String is immutable ( once created can not be changed )object.Every immutable object in Java is thread safe ,that implies String is also thread safe . String can not be used by two threads simultaneously.

For example,

String  demo= " hello Rohan " ;
// The above object is stored in constant string pool and its value can not be modified.

demo="Bye Rohan" ;     //new "Bye Rohan" string is created in constant pool and referenced by the demo variable            
 // "hello Rohan " string still exists in string constant pool and its value is not overrided but we lost reference to the  "hello Roahn" string

On the other hand,

StringBuffer is mutable means one can change the value of the object . The object created through StringBuffer is stored in the heap . StringBuffer has the same methods as the StringBuilder , but each method in StringBuffer is synchronized that is StringBuffer is thread safe .

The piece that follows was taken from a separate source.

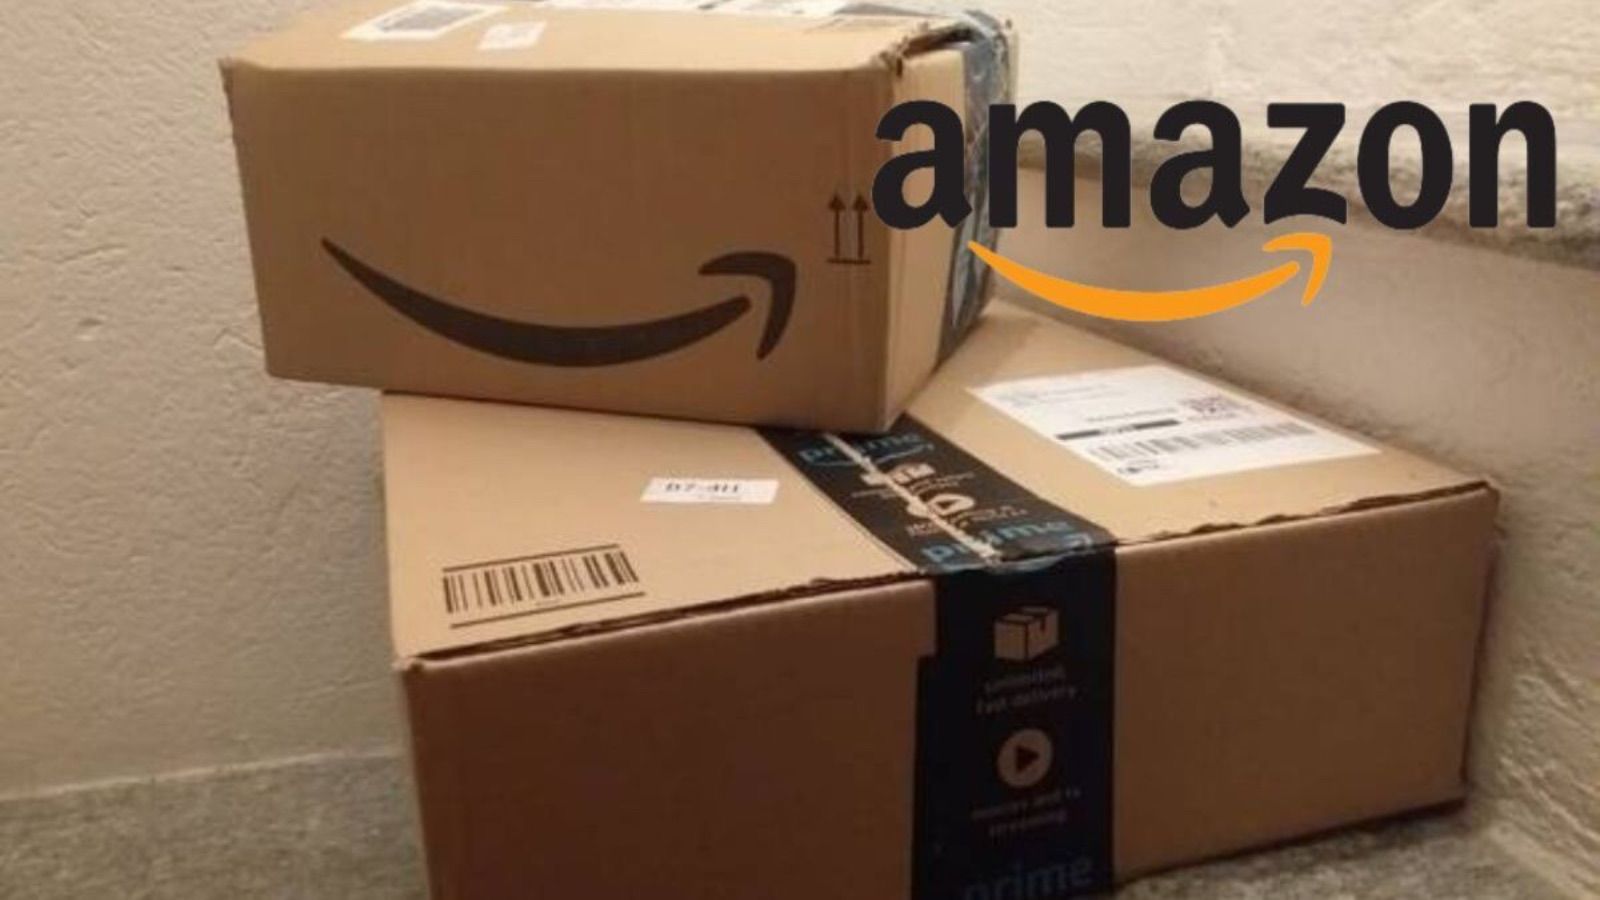 Amazon, pezzi al 70% oggi contro Unieuro e promo SHOCK
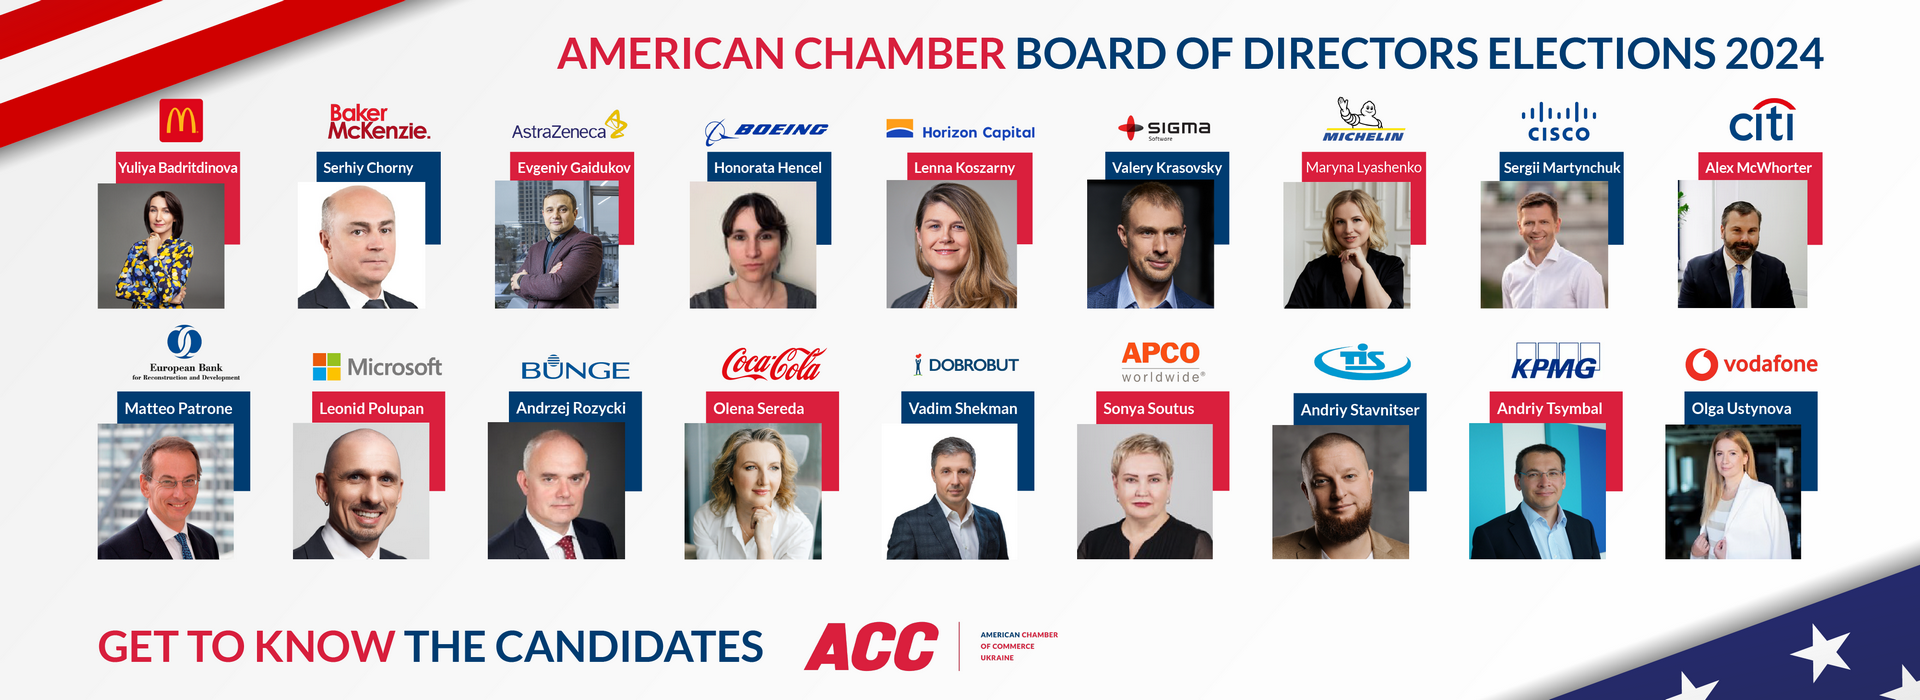 AmCham Ukraine Board of Directors Elections 2024: Voting Is Now Open

To help you undrstand more clear the following link has an excellent example http://www.javatpoint.com/difference-between-string-and-stringbuffer which show that the HasCode difference in String but for the String buffer the HashCode is the same. And in your case because the String is not mutable

the strUpdate() method's concatenated value is not added to the main String. So it remained the same.
Hope this answers your question.

score 0 · Answer 4 · edited May 23 '17 at 12:07

Just to clearly see the difference, for identityHashCode see System#identityHashCode

package example;

public class MyClass {

     public static void main(String args[]) {
            String str = new String("String Rohan ");
        StringBuffer strBfr = new StringBuffer("String Buffer Rohan "); 

            System.out.println("--- String ---");
            System.out.println("Before update: " + System.identityHashCode(str));
            strUpdate(str);
            System.out.println("After update: " + System.identityHashCode(str));
            System.out.println("--- StringBuffer ---");
            System.out.println("Before String Buffer update: " + System.identityHashCode(strBfr));
            strBfrUpdate(strBfr);
            System.out.println("After String Buffer update: " + System.identityHashCode(strBfr));

            System.out.println("--- Final output ---");
            System.out.println(str);
            System.out.println(strBfr);

        }

        private static void strBfrUpdate(StringBuffer strBfr){
            System.out.println("StringBuffer parameter: " + System.identityHashCode(strBfr));
            strBfr.append("Kushwaha");
            System.out.println("StringBuffer object modification: " + System.identityHashCode(strBfr));
        }

        private static void  strUpdate(String str){
            System.out.println("Parameter: " + System.identityHashCode(str));
            str += "Kushwaha";
            System.out.println("Modified (a new String, passed String instance remain same and each modification will produce new String instance): " + System.identityHashCode(str));      }
}

Output(yours will be different):

--- String ---
Before update: 390033781
Parameter: 390033781
Modified (a new String): 1177666623
After update: 390033781
--- StringBuffer ---
Before String Buffer update: 1833642009
StringBuffer parameter: 1833642009
StringBuffer object modification: 1833642009
After String Buffer update: 1833642009
--- Final output ---
String Rohan 
String Buffer Rohan Kushwaha

Also look at what @Rainer mention Java "pass-by-reference" or "pass-by-value"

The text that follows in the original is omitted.